Это бедствие произошло в августе 1813 года. С ним закончилась эра песен ко дню рождения и новогодних стихов. Король был безумен; его рождение было поэтому едва ли рациональной темой для радости. Принц-регент не имел вкуса к торжественной бессмысленности оговоренной оды, исполнение которой служило лишь тому, чтобы сделать невыносимо утомительными службы по двум случаям в году, когда императивный обычай требовал его присутствия в Часовне. Была проведена консультация с Джоном Уилсоном Крокером, секретарем Адмиралтейства. Острый здравый смысл Крокера сразу предложил отмену обязанностей лауреата, но сохранение должности как синекуры. Вальтер Скотт, которому место было предложено как самому популярному из живущих поэтов, поддержал совет Крокера, но отклонил назначение как ниже достоинства предполагаемого основателя длинной линии пограничных рыцарей. Он рекомендовал Саути. Он уже рекомендовал Саути в «Квартальный», а через «Квартальный» — Крокеру, тогда и до сих пор его самому блестящему автору; и этот второй случай бескорыстной доброты был столь же эффективен. Саути был назначен. Терция Канарского вина перестала быть привилегией должности, лауреат отказался от нее; и вместо ежегодных од по установленным поводам, такие излияния, какие поэт мог пожелать предложить по предложению проходящих событий, должны были быть приняты как сумма официального долга. Они должны были быть сказаны или прочитаны, а не спеты — изменение, которое завершило радикальную революцию должности.
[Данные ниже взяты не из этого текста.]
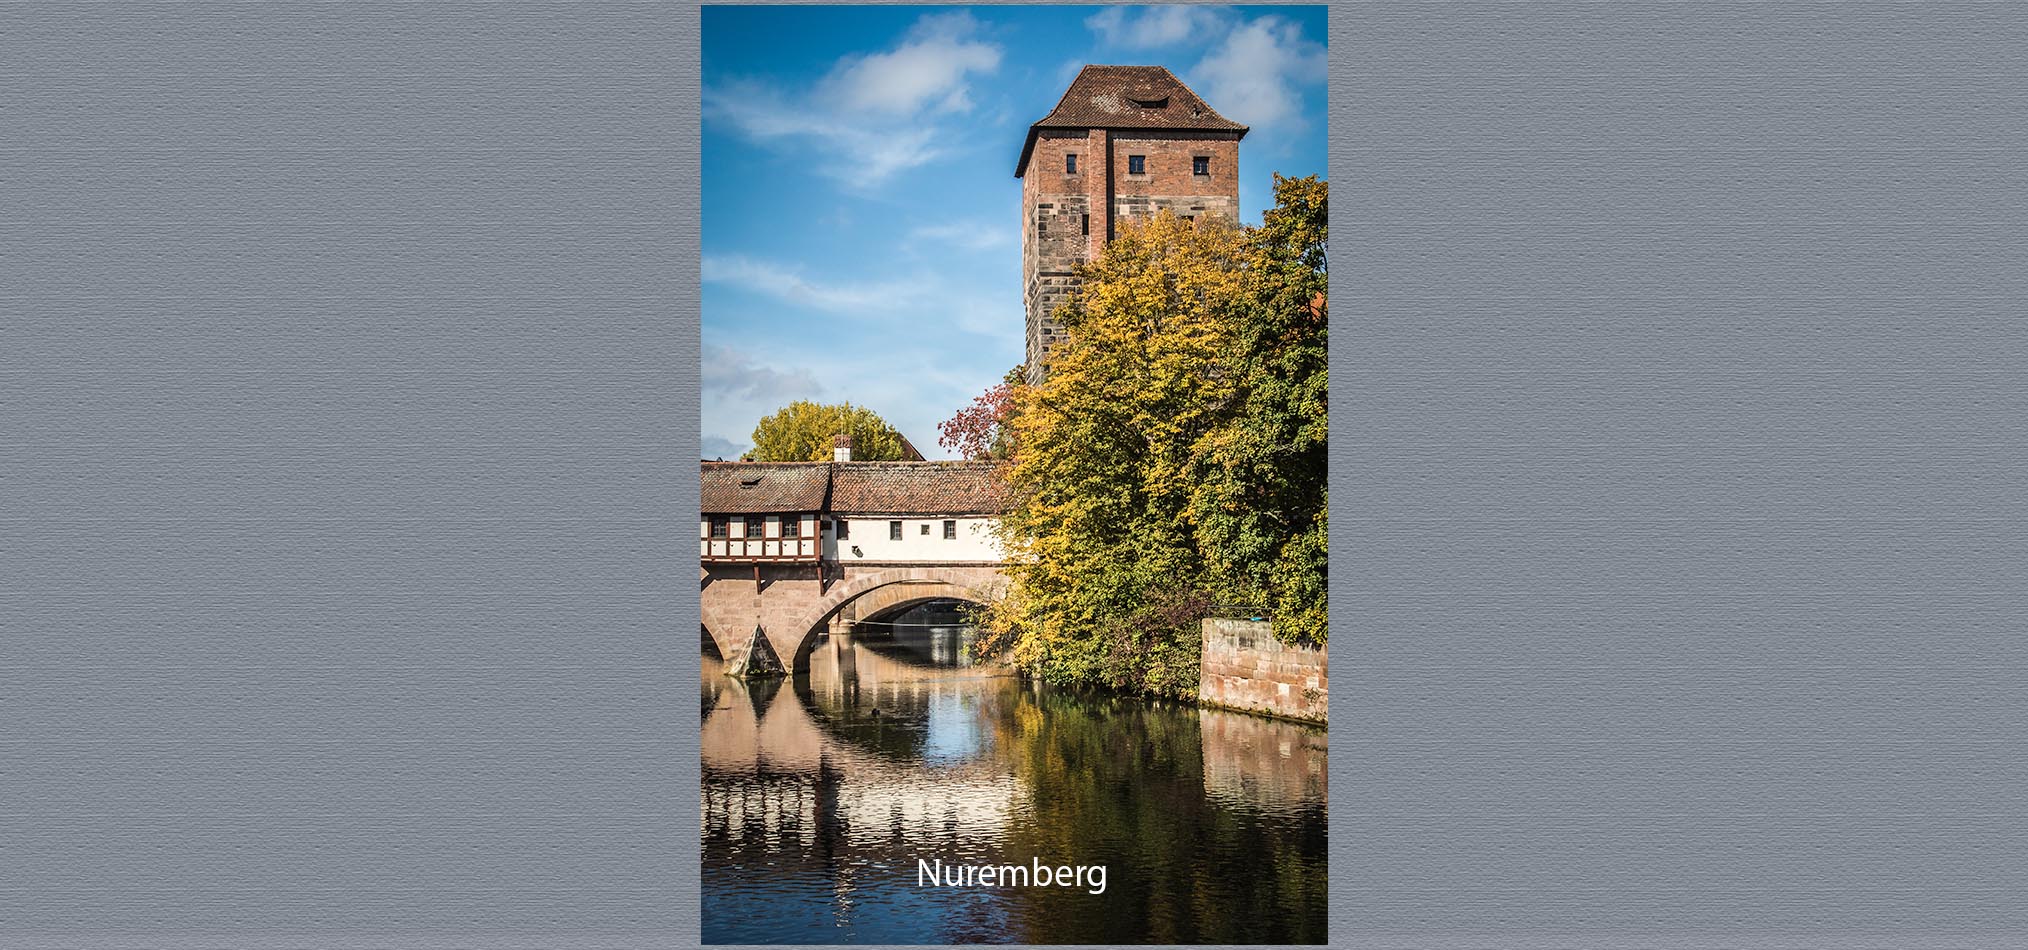 15-10 Nuremberg-43.jpg

Как бы ни была важна зарплата в сто фунтов для Саути, совершенно точно, что лавр, казалось, влил все свои вредные и ядовитые соки в его литературный характер. Его тщеславие, подобно тщеславию Уайтхеда, заставляло его рассматривать свой венок как награду за несравненные заслуги. Его рабочее кресло было прославлено и стало троном. Его превосходство в поэзии было столь же несомненным, как превосходство короля в церковных делах. Он чувствовал себя обязанным полностью исключить из своей совести любые следы раннего республиканизма, пантисократии и ереси, которые все еще обезображивали ее; и безоговорочно соответствовать самым точным требованиям высокого торизма в политике и высокого церковничества в религии. Он был на жалованье и составлял часть правительства; мог ли он сделать что-то иное, кроме как могуче трудиться в своем ведомстве на службе господина, который так проницательно предвосхитил вердикт потомства, объявив его, который был наименее популярным, величайшим из живущих поэтов? Он счел своим долгом взять на себя жесткую цензуру над столькими подданными Его Величества, которые были пристрастны к стихам, — исполнять функции министра литературной полиции, — порицать легкомыслие Мура, нечестие Байрона, демократию Ли Ханта, несчастный промах Хэзлитта, пьянство Лэмба. Предположения, столь открытые для насмешек и столь пренебрежительные к гораздо более способным людям, сказались так же невыгодно на его славе, как и на его характере. Он стал мишенью современной сатиры. Гораций Смит, Мур, Шелли, Байрон яростно высмеивали его. Последний сделал его героем своего злого «Видения суда» и ему посвятил своего «Дон Жуана». Посвящение было подавлено; но ни один шанс, предложенный в теле этой распутной рапсодии, чтобы напасть на Боба Саути, не был упущен. Самодовольство лауреата вооружило его, однако, против каждого удара. Презрение он интерпретировал как зависть к своему возвышенному положению: —
«Гнев, Зависть, прочь за маску презренья! / В чести дано, с честью носится оно».
Разумеется, столь бесподобное самодовольство не поддавалось нападкам.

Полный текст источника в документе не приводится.